Thursday, March 13, 2008

Calm Down

This morning, when I opened my inbox, I had an e-mail from a Pulitzer prize winner. This is what it said:

“What a lovely piece! Thanks ever so much. You handled all the issues, and handled them with grace and sensitivity. I am very grateful. “

With about three, maybe four hours of sleep under my belt after what I can only describe as a nervous breakdown last night, I should have been comatose all morning. But that e-mail made an overcast, gross day a little brighter. The funny thing about it, though, was that it took me reading that e-mail to Liz to realize that, whoa…that’s a pretty big deal.

Liz literally sprung out of her seat and gave me a huge hug.

The e-mail was from Tim Page, an epically talented music critic who wrote for the Washington Post for 12 years. He’ll be visiting campus on Monday and Tuesday. Here’s the thing about Mr. Page…

He has Asperger’s Syndrome, an autism-spectrum disorder that impairs social interactions and entails offbeat and often disruptive fixations on very specific topics. Without supportive friends and family and strong adaptive skills, Asperger’s can be a genuinely debilitating disorder. Page coped…he made the syndrome work for him. One of Page’s fixations was music. He had a knack for writing, too, and as you might guess, things unfolded from there.

It’s pretty freakin’ inspirational stuff. Enough so that, after I interviewed Mr. Page, I couldn’t help but feel uplifted.

Don’t ask me how writing about someone who’s had an insanely rough life made me feel this way, but I realized I’m being entirely too hard on myself. By tomorrow, I’ll have three stories printed in the Missourian this week. One was a Sunday centerpiece. Another was a front-page centerpiece that jumped to Second Front. Who knows what’ll happen with the Page story, but regardless: I need to stop feeling guilty. I don’t have to be Superwoman. I’m already doing a heck of a lot, and maybe it’s time to slow down a little.

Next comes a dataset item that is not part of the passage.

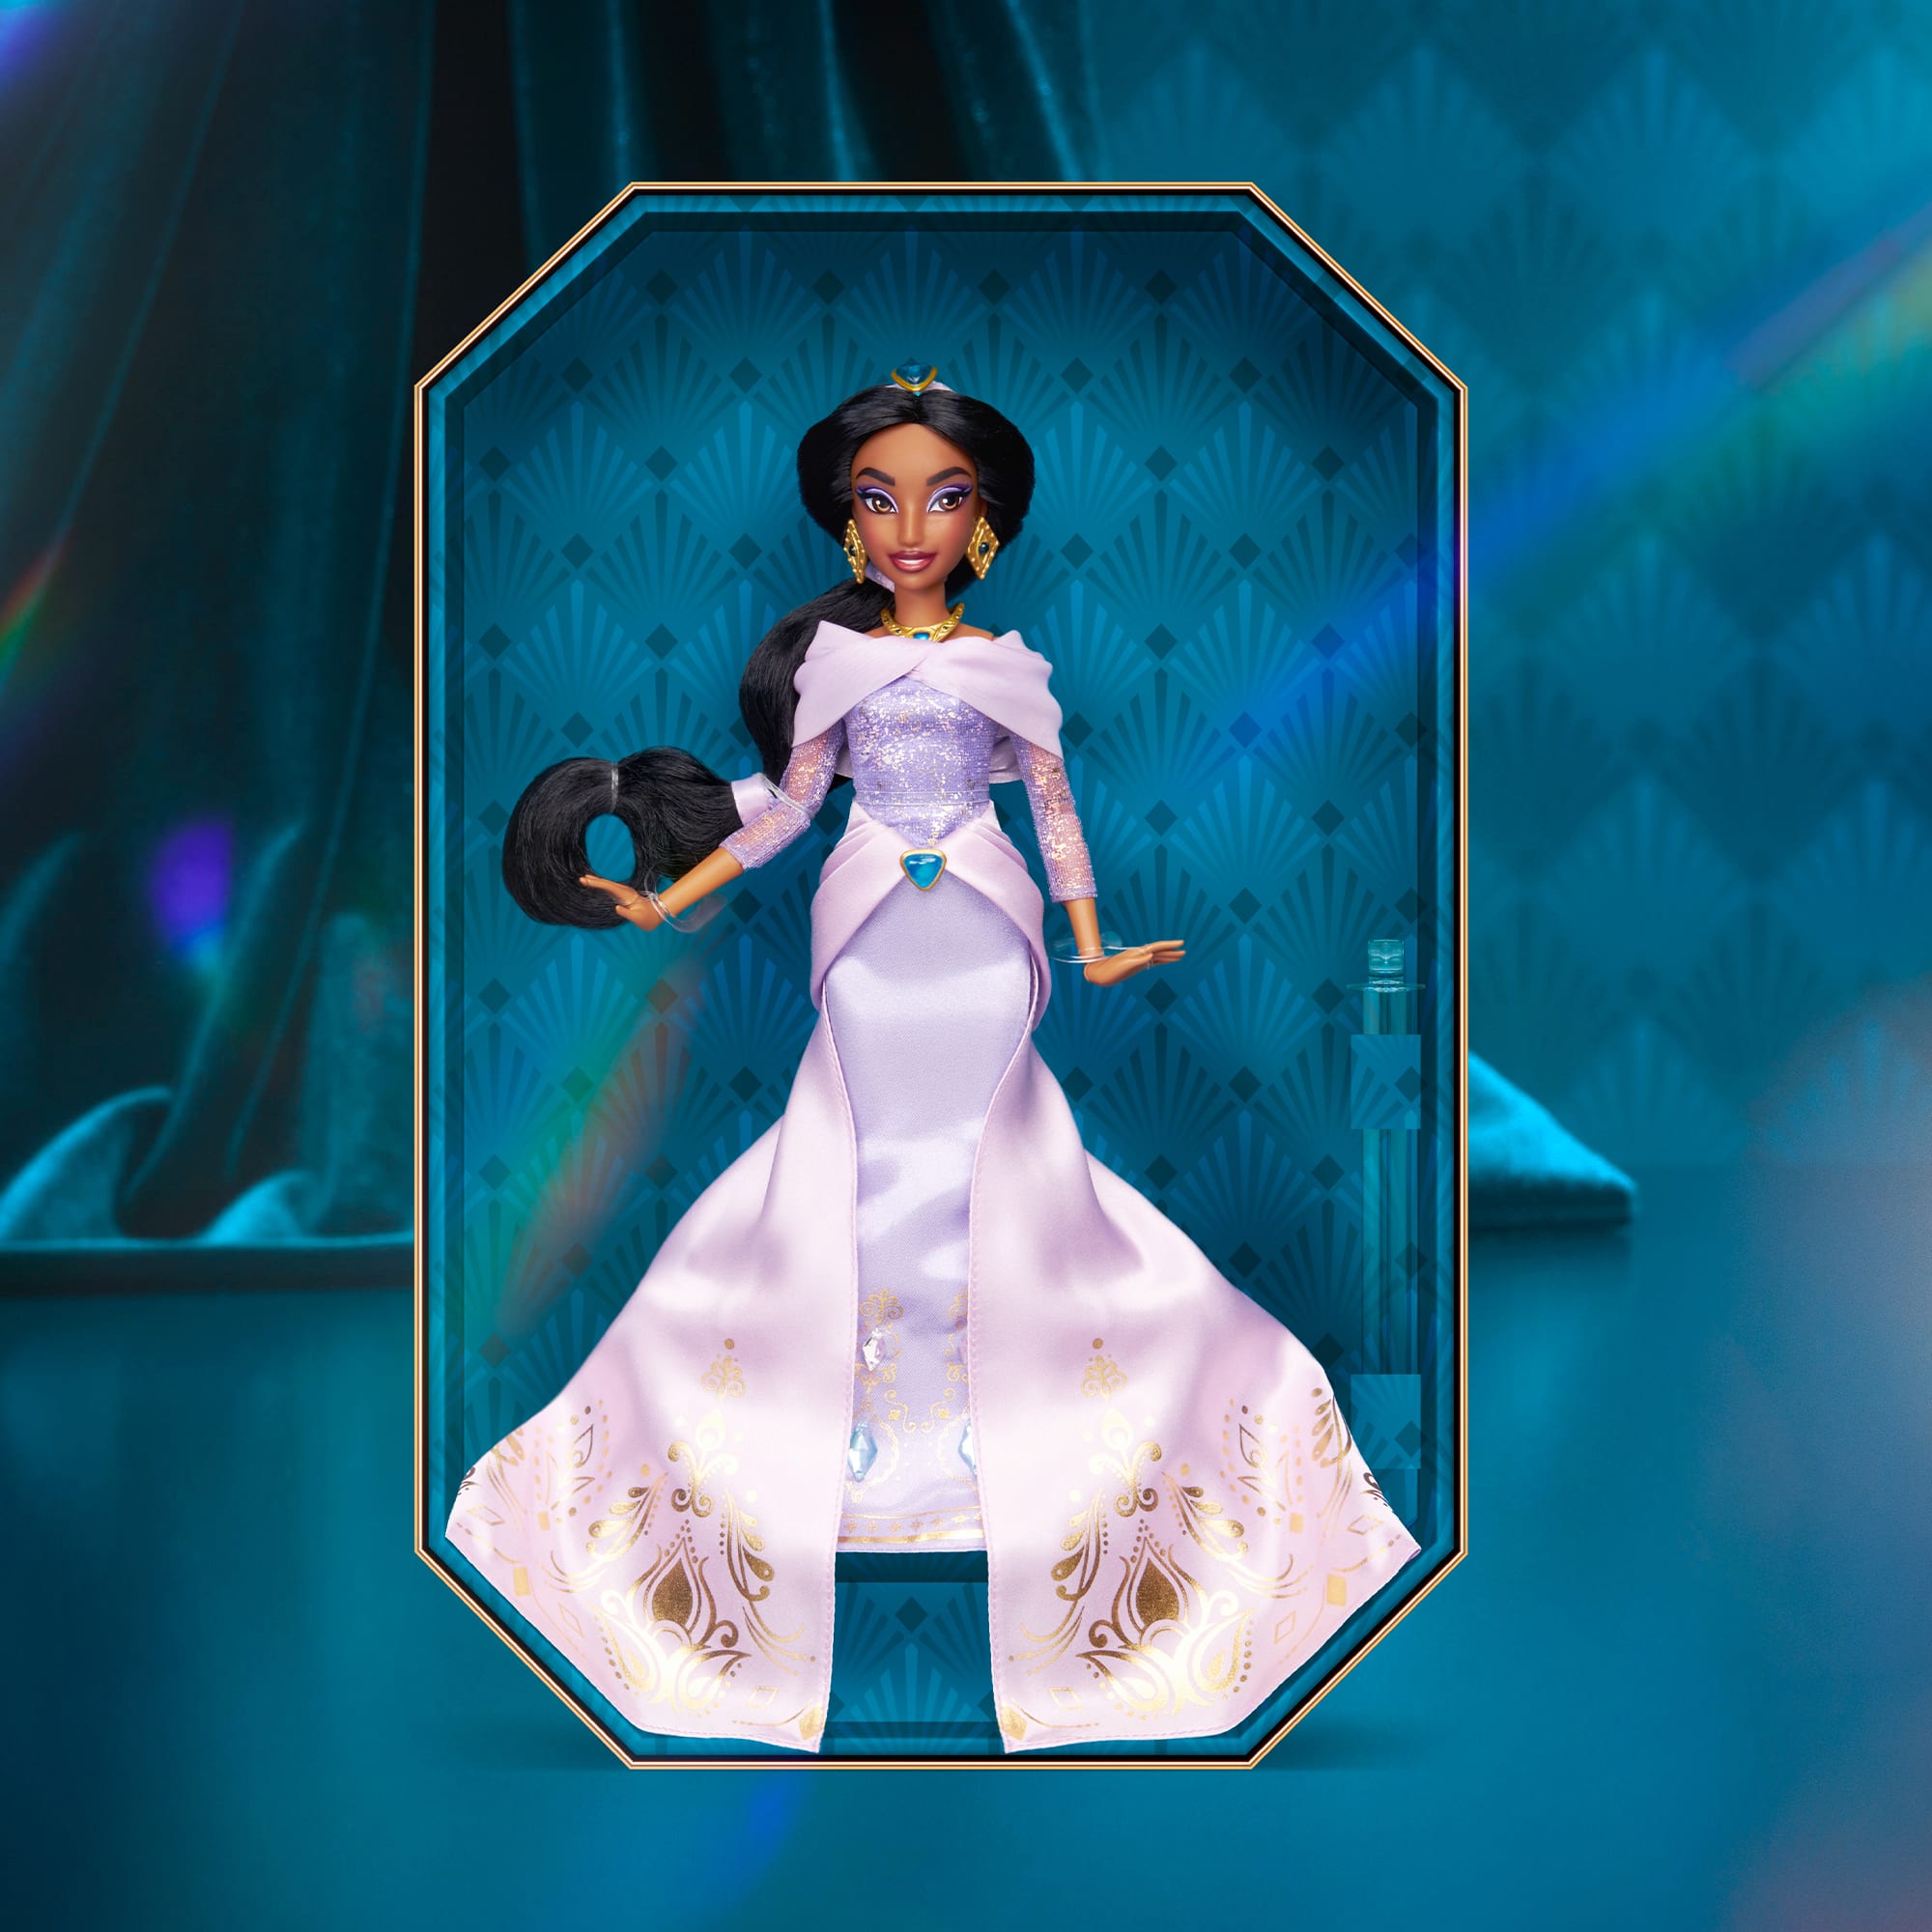 Mattel Disney Princess Radiance Collection dolls: Belle, Sleeping

This semester’s been rough. The shells project is driving me crazy. I was personally insulted when the Safety shell was collapsed, especially when we were already approaching the execution phases. It’s been really challenging to get back up after being knocked down by that kind of frustration. Thankfully, Paul’s really on the ball with the Growth shell, so for once, I don’t feel like I have to micromanage an entire project. (It doesn’t matter if I have the greatest group of all time; I’m always going to be the one who freaks out about everything.)

Life is literally driving me crazy right now, and I need to stop making it worse by stressing myself out about it. I’m stressing so much, it takes a hyperactive hug from my editor (seriously though, thanks Liz) to realize I’m doing a good job.